Invalid / Corner Shape

Empty collections, zeros, or disconnected structures

Handle special-case structure before the core algorithm path.

Step 05

Full Annotated Code

Source-backed implementations are provided below for direct study and interview prep.

// Accepted solution for LeetCode #2027: Minimum Moves to Convert String
class Solution {
    public int minimumMoves(String s) {
        int ans = 0;
        for (int i = 0; i < s.length(); ++i) {
            if (s.charAt(i) == 'X') {
                ++ans;
                i += 2;
            }
        }
        return ans;
    }
}

// Accepted solution for LeetCode #2027: Minimum Moves to Convert String
func minimumMoves(s string) (ans int) {
	for i := 0; i < len(s); i++ {
		if s[i] == 'X' {
			ans++
			i += 2
		}
	}
	return
}

# Accepted solution for LeetCode #2027: Minimum Moves to Convert String
class Solution:
    def minimumMoves(self, s: str) -> int:
        ans = i = 0
        while i < len(s):
            if s[i] == "X":
                ans += 1
                i += 3
            else:
                i += 1
        return ans

// Accepted solution for LeetCode #2027: Minimum Moves to Convert String
impl Solution {
    pub fn minimum_moves(s: String) -> i32 {
        let s = s.as_bytes();
        let n = s.len();
        let mut ans = 0;
        let mut i = 0;
        while i < n {
            if s[i] == b'X' {
                ans += 1;
                i += 3;
            } else {
                i += 1;
            }
        }
        ans
    }
}

// Accepted solution for LeetCode #2027: Minimum Moves to Convert String
function minimumMoves(s: string): number {
    const n = s.length;
    let ans = 0;
    let i = 0;
    while (i < n) {
        if (s[i] === 'X') {
            ans++;
            i += 3;
        } else {
            i++;
        }
    }
    return ans;
}

Step 06

Interactive Study Demo

Use this to step through a reusable interview workflow for this problem.

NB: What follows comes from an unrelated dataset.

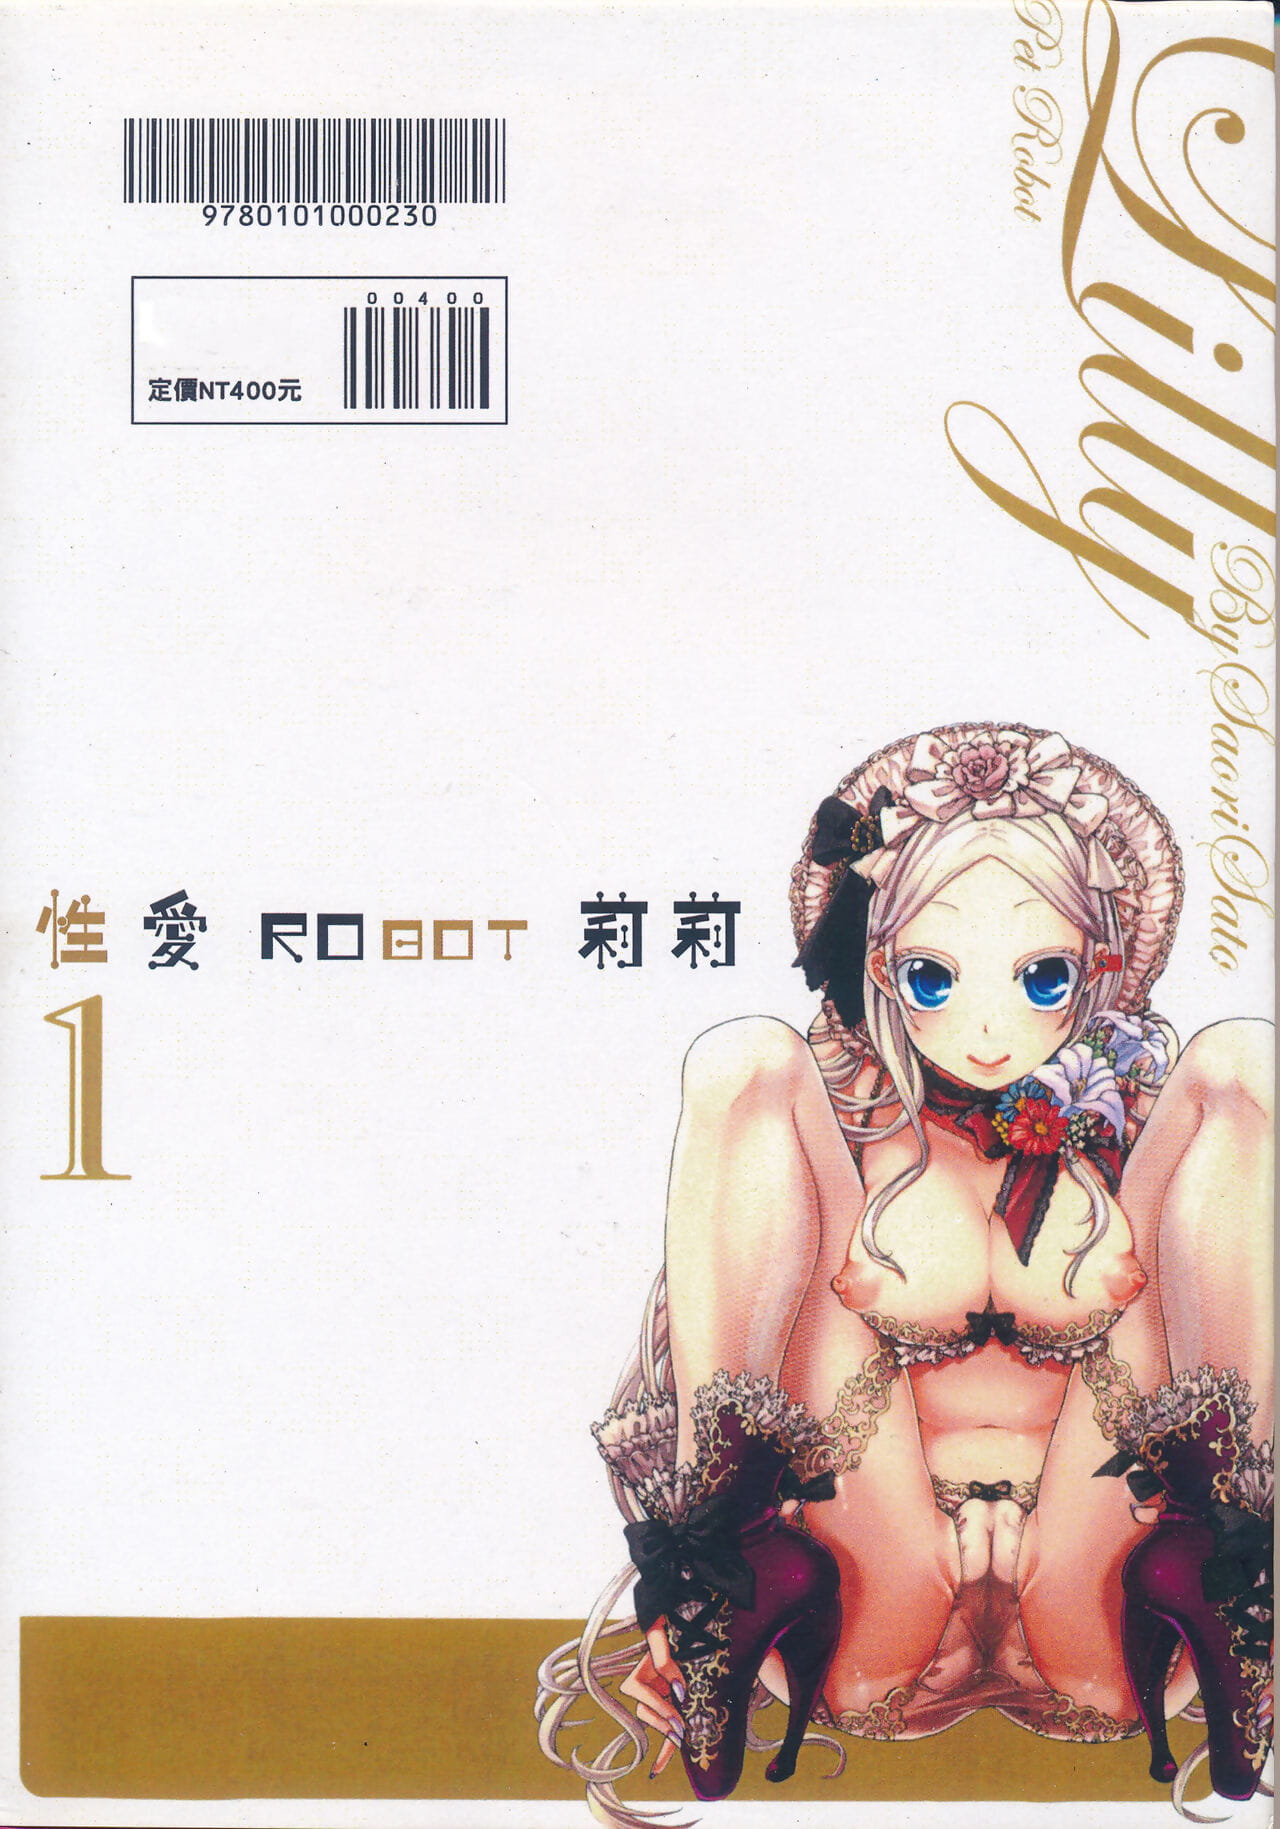 Satou Saori aigan robot Lilly thú nuôi robot Lilly vol. 1 性愛robot 莉莉 vol. 1 Người trung quốc phần 7

Custom checkpoints (one per line)

Press Step or Run All to begin.

Step 07

Complexity Analysis

Time

O(n log n)

Space

O(1)

Approach Breakdown

EXHAUSTIVE

O(2ⁿ) time

O(n) space

Try every possible combination of choices. With n items each having two states (include/exclude), the search space is 2ⁿ. Evaluating each combination takes O(n), giving O(n × 2ⁿ). The recursion stack or subset storage uses O(n) space.

GREEDY

O(n log n) time

O(1) space

Greedy algorithms typically sort the input (O(n log n)) then make a single pass (O(n)). The sort dominates. If the input is already sorted or the greedy choice can be computed without sorting, time drops to O(n). Proving greedy correctness (exchange argument) is harder than the implementation.

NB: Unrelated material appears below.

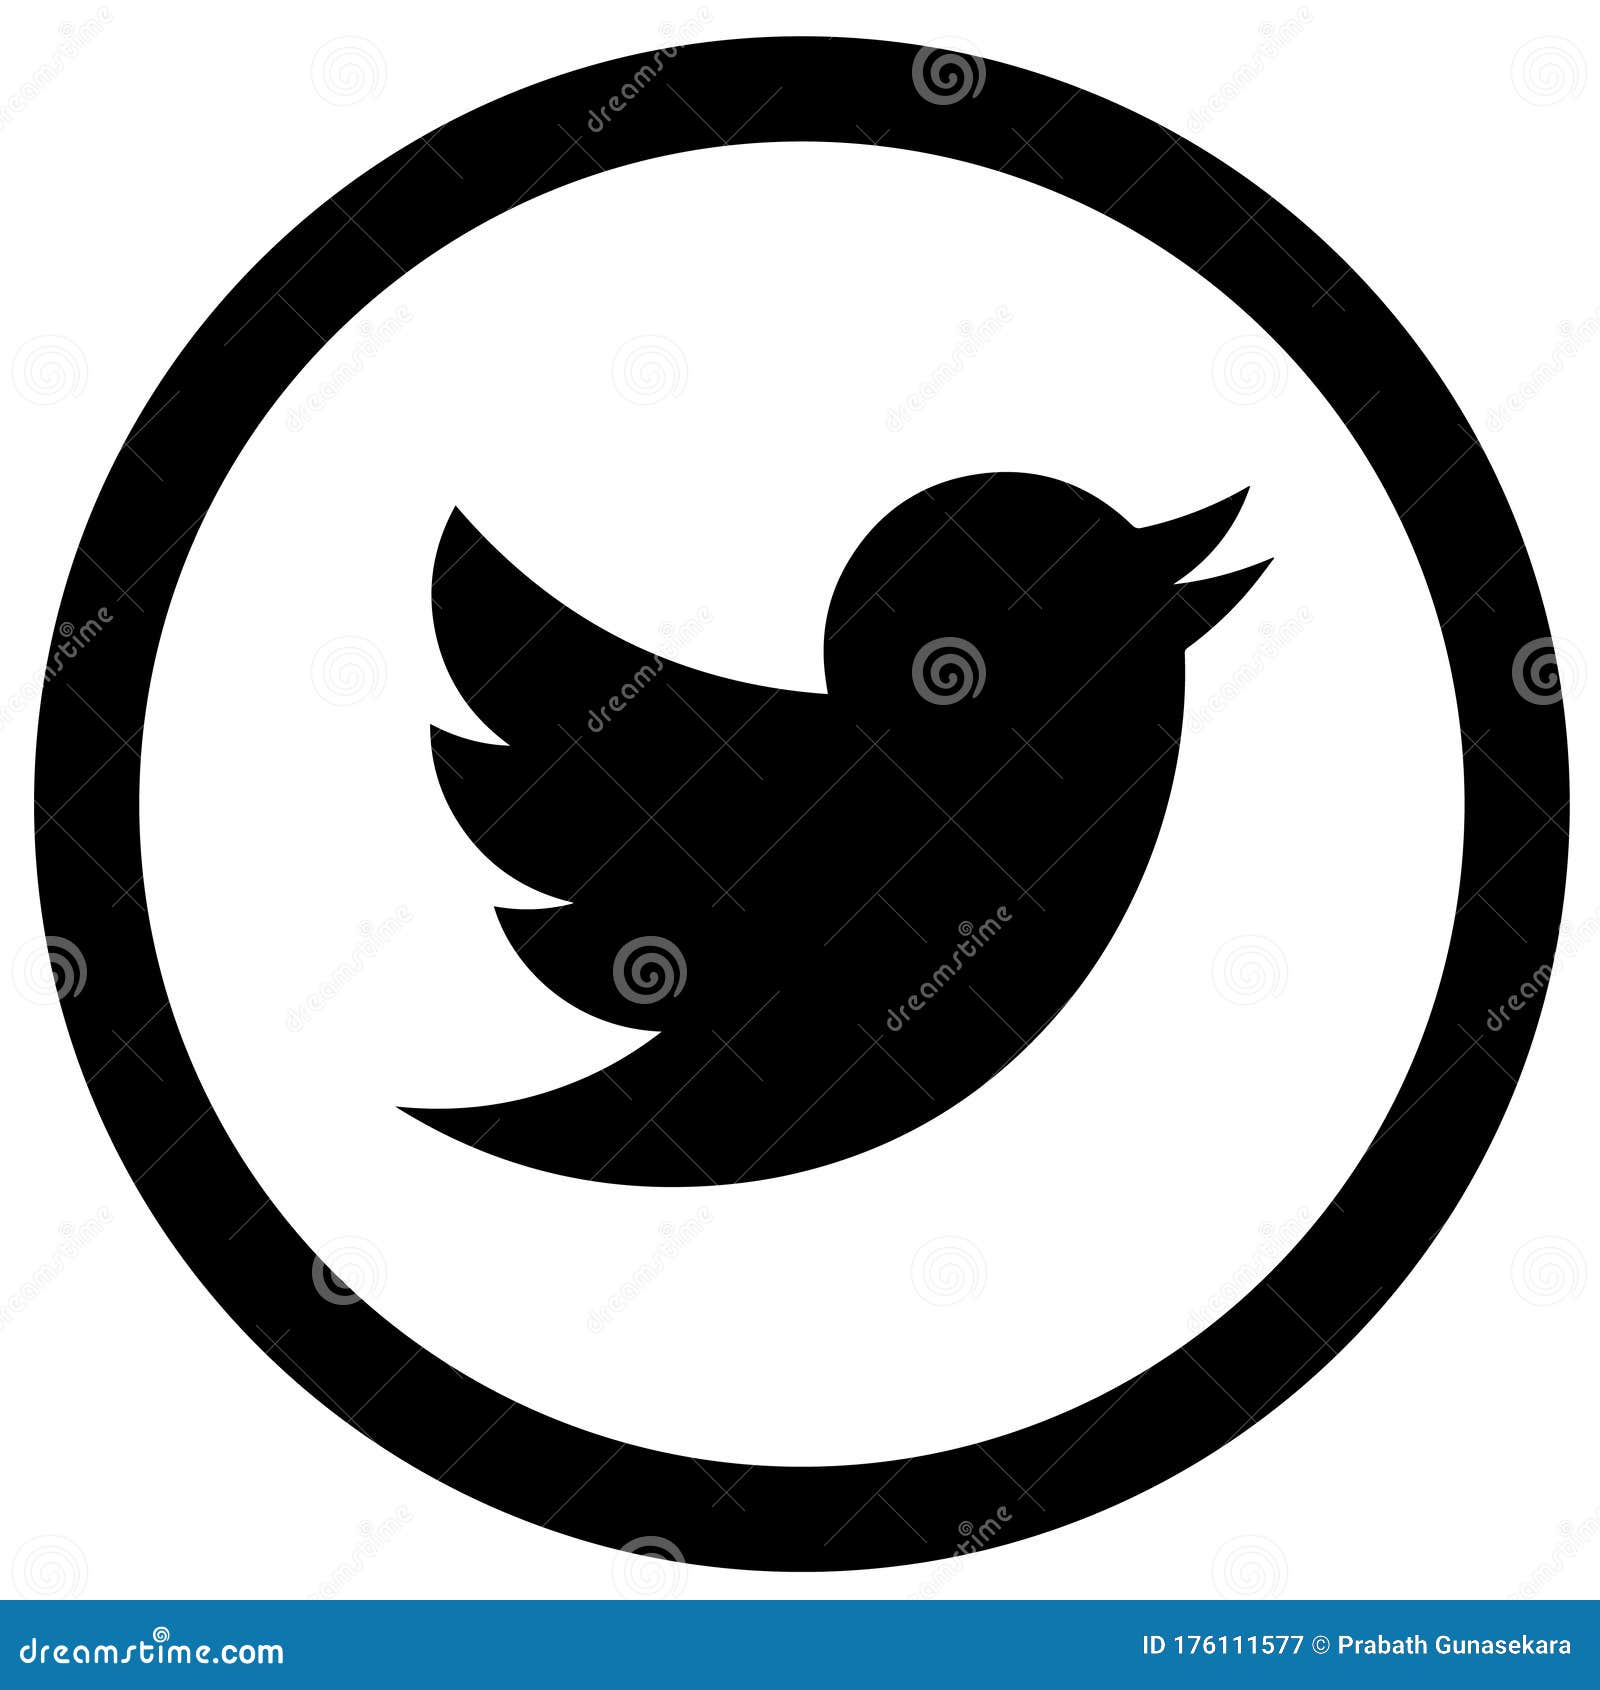 black twitter logos

Shortcut: Sort + single pass → O(n log n). If no sort needed → O(n). The hard part is proving it works.

Coach Notes

Common Mistakes

Review these before coding to avoid predictable interview regressions.

Using greedy without proof

Wrong move: Locally optimal choices may fail globally.

Usually fails on: Counterexamples appear on crafted input orderings.

Fix: Verify with exchange argument or monotonic objective before committing.